Suwałki is a town in northeastern Poland with
over 70,000 inhabitants. The town gives its name to the Polish protected area
known as Suwałki Landscape Park.
The village was founded by Camaldolese monks,
who in 1667 were granted the area surrounding the future town by the Grand Duke
of Lithuania and the King of Poland John II Casimir. Soon afterward the
monastic order built its headquarters in Wigry, where a monastery and a church
were built. In 1710 King Augustus II the Strong granted the village a privilege
to organize fairs and markets. Five years later, in 1715, the village was
granted town rights by the grand master of the order, Ildefons.

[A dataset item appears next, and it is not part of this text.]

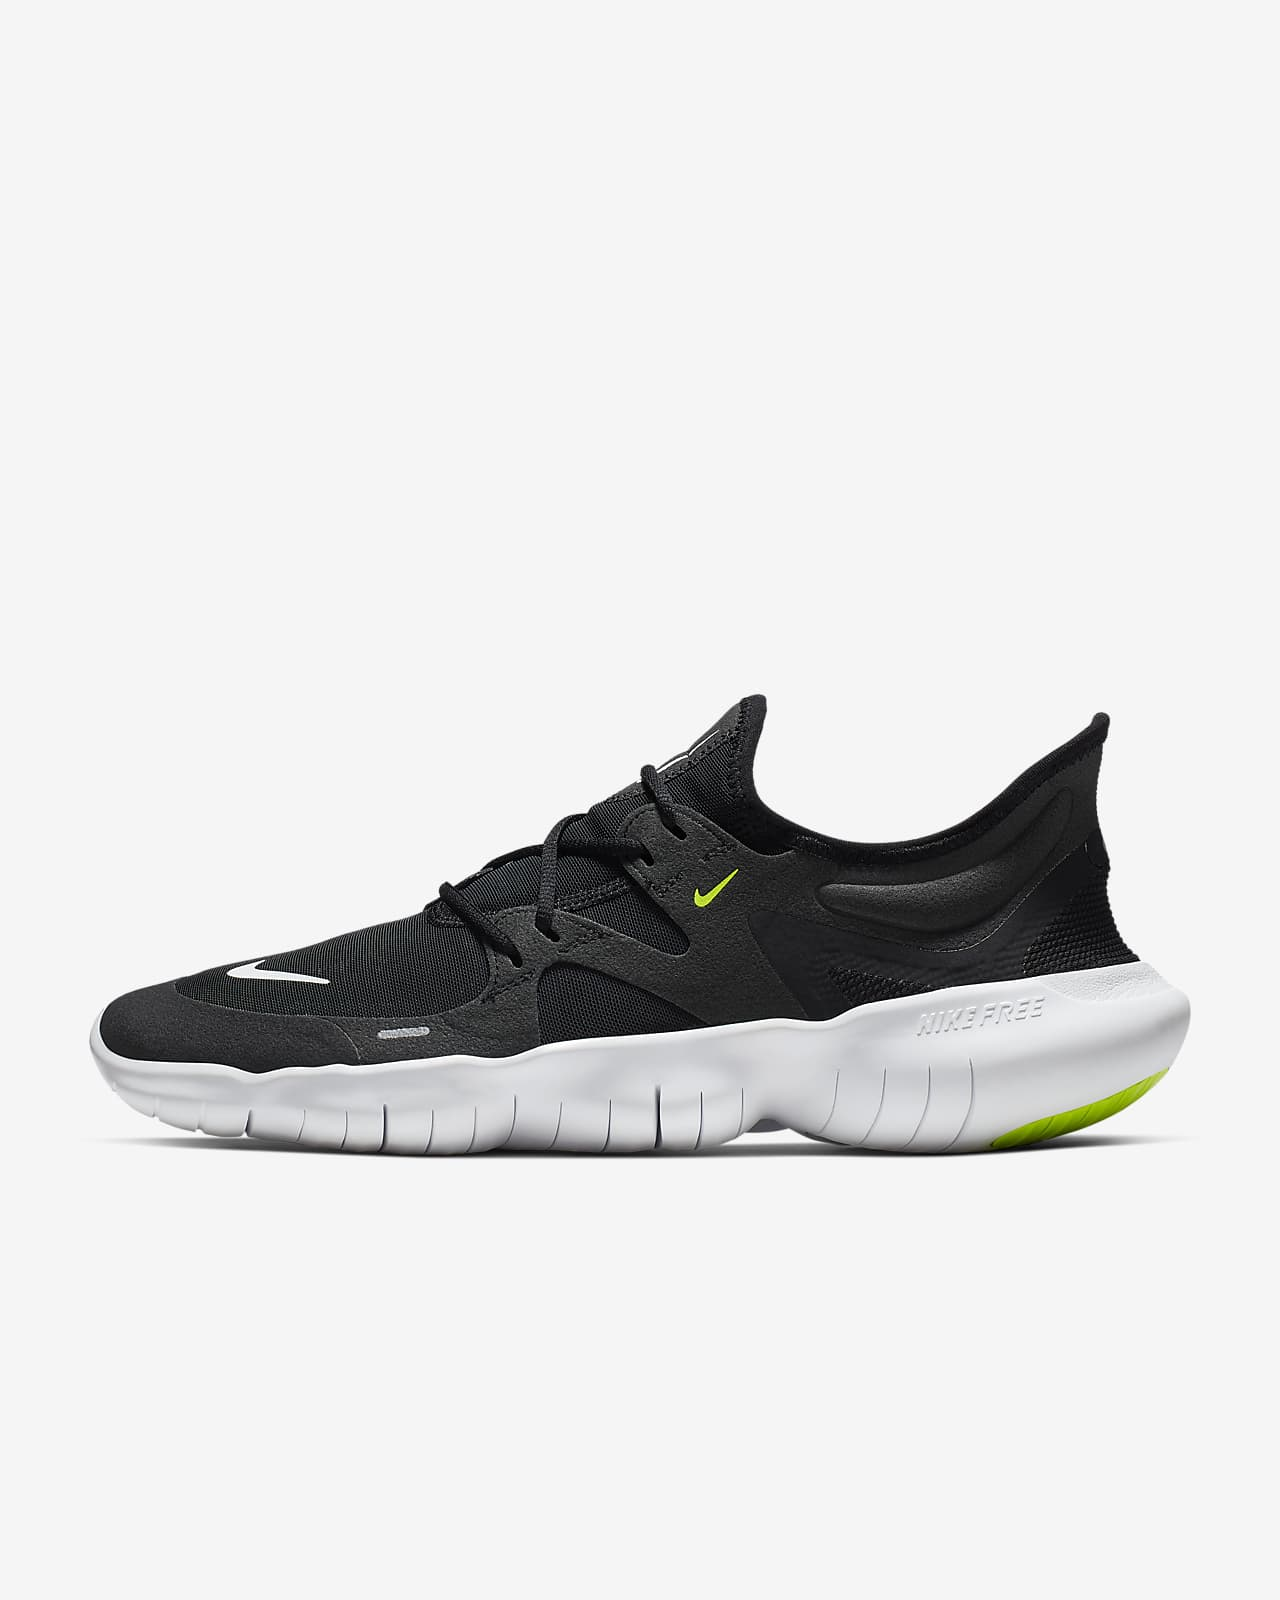 Nike Free RN 5.0 férfi futócipő

In 1807 Suwałki became part of the newly
formed Duchy of Warsaw and one of the centres of the department of Łomża. After
the defeat of Napoleon Bonaparte and the Congress of Vienna, the area was
incorporated into the Kingdom of Poland.
During the later stages of the Polish
Defensive War of 1939 the town was briefly captured by the Red Army. However,
on October 12 of the same year the Soviets withdrew and transferred the area to
the Germans, in accordance with the Nazi-Soviet Alliance. The town was renamed
to Sudauen and incorporated directly into the German Reich's East Prussia.
Severe laws and terror that erupted led to the creation of several resistance
organisations. Although most of them were at first destroyed by the Gestapo, by
1942 the area had one of the strongest ZWZ and AK networks. Despite the
resistance, almost the entire town's once 7,000-strong Jewish community was
murdered in Nazi concentration camps.
After the war, Suwałki remained a capital of
the county. However, the heavily damaged town recovered very slowly and the
Communist economic system could not solve the town's problems.